Note that if R is a commutative ring then the group ring RG is endowed with an involution $*$ (often called the classical involution)

$$\begin{aligned} * : RG \rightarrow RG : \sum _{g\in G} r_g g \mapsto \sum _{g\in G} r_g g^{-1}. \end{aligned}$$

The integral group ring is the ring that links group theory to ring theory. One hence has a natural fundamental question: the isomorphism problem for integral group rings of finite groups G and H:

Is it true that the a ring ismorphism $\mathbb {Z}G \cong \mathbb {Z}H$

implies a group isomorphism $G\cong H$? (ISO)

This question first was posed by Higman in his thesis [17]. The following proposition is a remarkable fact for group rings: an integral group ring isomorphism is equivalent with unit group isomorphism. To prove this, we first need a lemma. Of course $\mathbb {Z}G$ is a subring of the rational group algebra $\mathbb {Q}G$; and thus one can talk of ($\mathbb {Q}$-) independent elements in $\mathbb {Z}G$.

Lemma 2.1

Let G be a finite group. The following properties hold for a subgroup H of G.

1.
(Berman) If $\alpha = \sum _{g\in G} z_g g$ is a unit of finite order in $\mathcal {U}_{1}(Z G)$ such that $z_1\ne 0$ (with 1 the identity of G) then $\alpha = 1$. In particular, if $\alpha $ is a normalized central unit of finite order then $u\in Z(G)$.
2.
H is a set of independent elements; in particular, $|H|\le |G|$.
3.
If $|H|=|G|$ then $\mathbb {Z}G =\mathbb {Z}H$.

Proof

We only prove the second and third part.

(2) Assume that $ \sum _{h\in H} z_h h=0$, with each $z_h\in \mathbb {Z}$. Let $x\in H$. Since, by assumption, H is finite, also $hx^{-1}$ is unit of finite order in $\mathcal {U}_{1}(\mathbb {Z}G)$. Clearly, $hx^{-1}\ne 1$ if $h\ne x$. Hence, by part (1), the coefficient of 1 in $hx^{-1}=0$. Since the coefficient of 1 in $ \sum _{h\in H} z_h hx^{-1}$ equals $z_x$, we conclude that $z_x=0$. Since x is arbitrary, part (2) follows.

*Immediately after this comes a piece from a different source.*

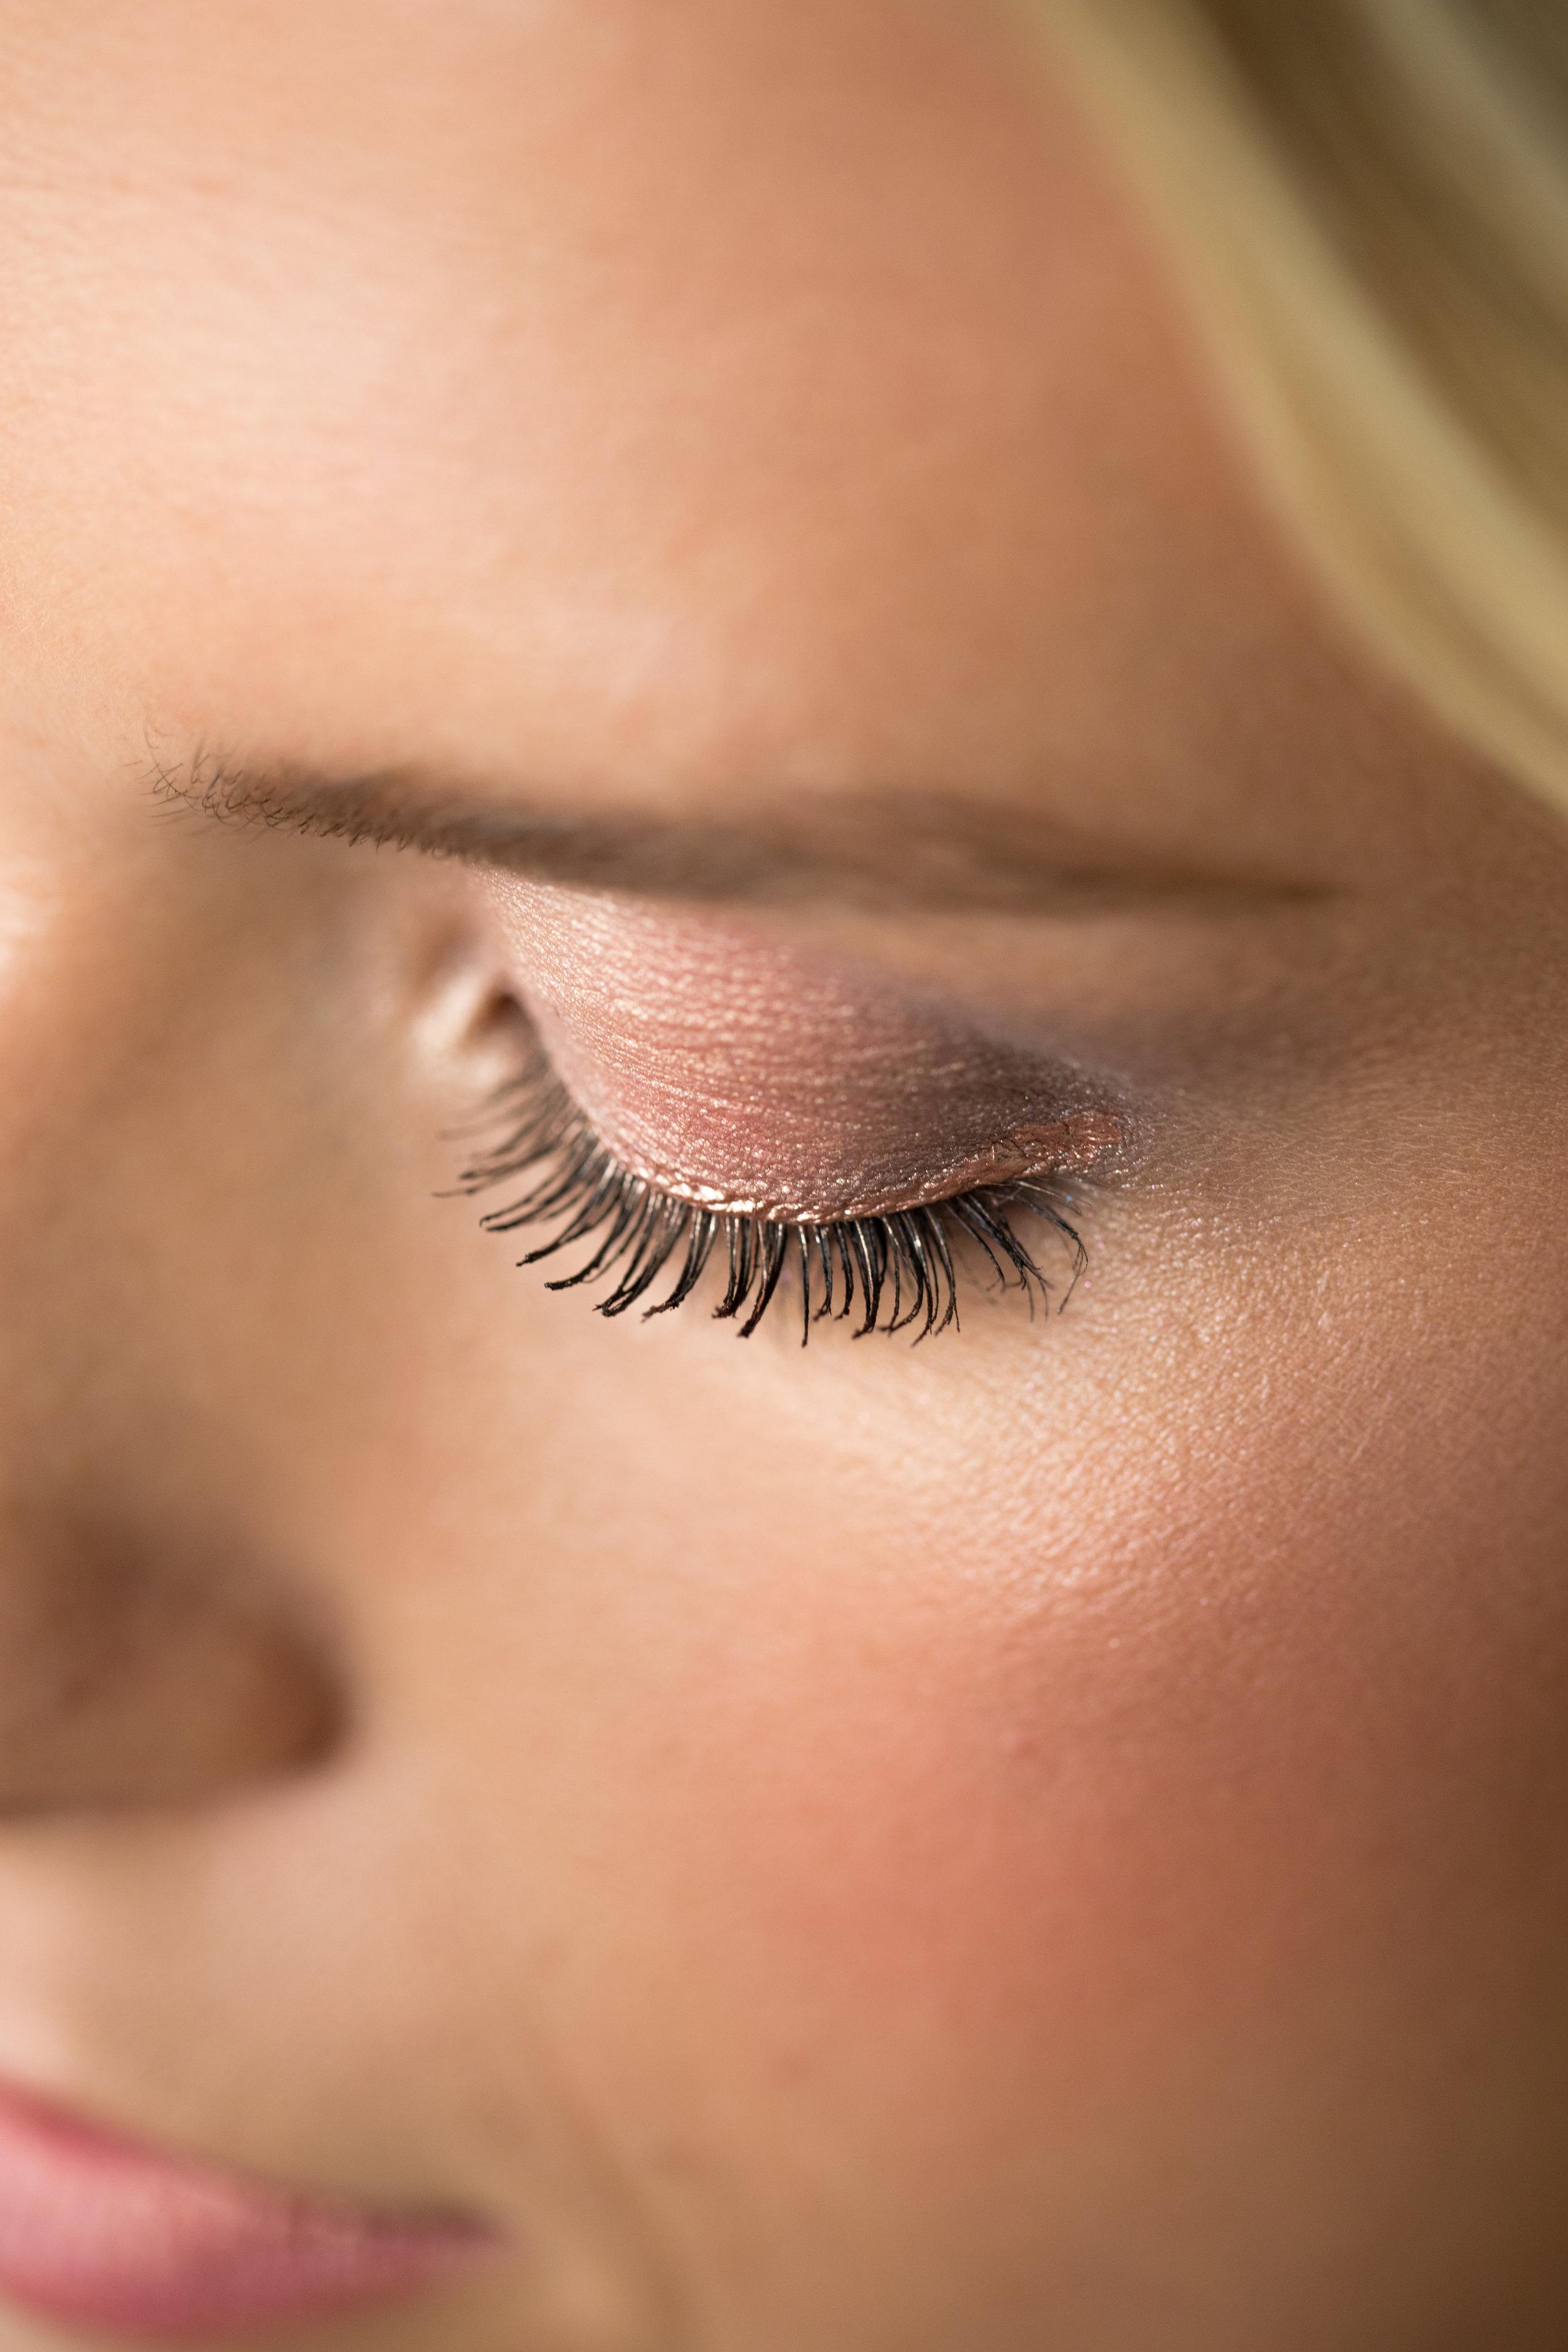 snackface-beauty-brunch-unicorn-eyeliner.jpg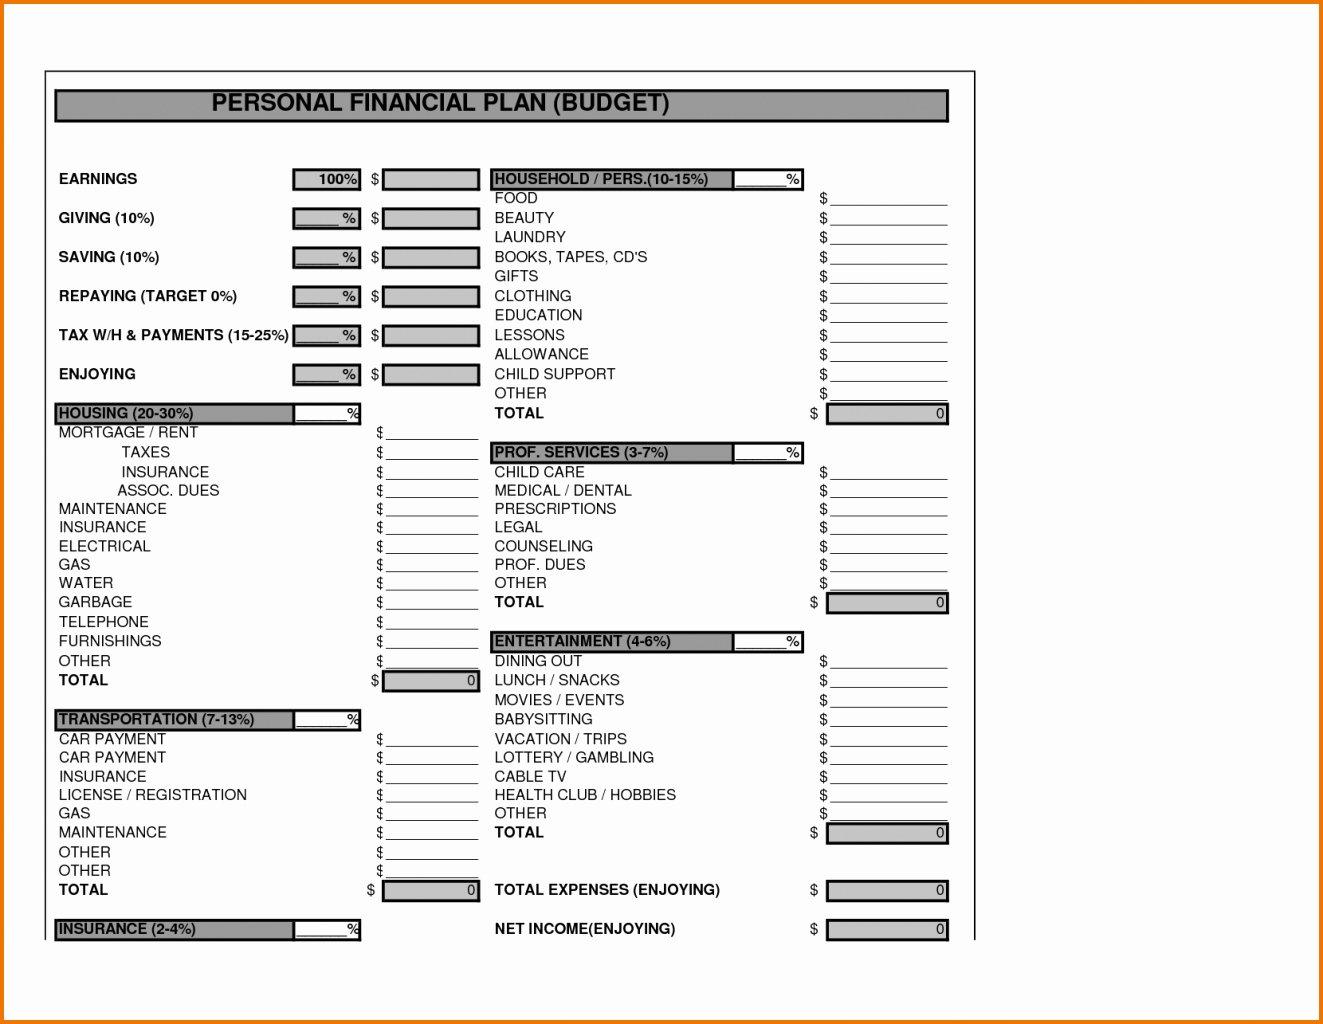 Business Financial Plan Template Excel Elegant Business Plan Financial Template Expense Spreadshee

(3) Assume H is a finite subgroup of $\mathcal {U}_{1}(\mathbb {Z}G)$ and $|H|=|G|$. By part (2) the elements of H are independent and thus $\mathbb {Q}G =\mathbb {Q}H$. So, $\mathbb {Z}H \subseteq \mathbb {Z}G$ and $n\mathbb {Z}G \subseteq \mathbb {Z}H$ for some positive integer n. It remains to show that if $g\in G$ then $ g\in \mathbb {Z}H$. So, let $g\in G$ and write $ng = \sum _{h\in H} z_h h$, with each $z_h \in \mathbb {Z}$. Then $ngh^{-1} =z_h + \sum _{h'\in H, h'\ne h} z_h (h'h^{-1})$. As $1\ne h'h^{-1}$ is periodic, it follows from part (1) that the coefficient of 1 of $h'h^{-1}$ is 0. Therefore, the coefficient of 1 in $ngh^{-1}$ equals $z_h$. Hence it has to be divisible by n. As h is arbitrary we have shown that for every $h\in H$ in the support of ng we have that n|h. Consequently, $ng\in n\mathbb {Z}H$ and thus $g\in \mathbb {Z}H$, as desired. $\square $

Proposition 2.2

Let G and H be finite groups. The following statements are equivalent.

1.
$\mathbb {Z}G \cong \mathbb {Z}H$ (ring isomorphism),
2.
$\mathcal {U}_1 (\mathbb {Z}G) \cong \mathcal {U}_1 (\mathbb {Z}H)$ (group isomorphism),
3.
$\mathcal {U}(\mathbb {Z}G) \cong \mathcal {U}(\mathbb {Z}H)$ (group isomorphism).

Proof

Clearly (1) implies (3). For the other implication it is useful to turn any isomorphism into a normalized isomorphism. This is done as follows, for any commutative ring R. Let $f: \mathcal {U}(R G) \rightarrow \mathcal {U}(R H)$ be a group isomorphism. Define

$$\begin{aligned} f^{*}: \mathcal {U}(RG) \rightarrow \mathcal {U}(RH) : \sum _{g\in G} r_g g \mapsto \sum _{g\in G} r_g \left( \text {aug}_{H} (f(g)) \right) ^{-1} f(g). \end{aligned}$$

It is readily verified that $f^{*}$ is an isomorphism that preserves augmentation, i.e. $\text {aug}_{H} (f^{*} (g)) =1$ for all $g\in G$ and thus $\text {aug}_{H}(f^{*}(\alpha )) =\text {aug}_{G}(\alpha )$ for all $\alpha \in \mathcal {U}(RG)$. Hence, (3) implies (2).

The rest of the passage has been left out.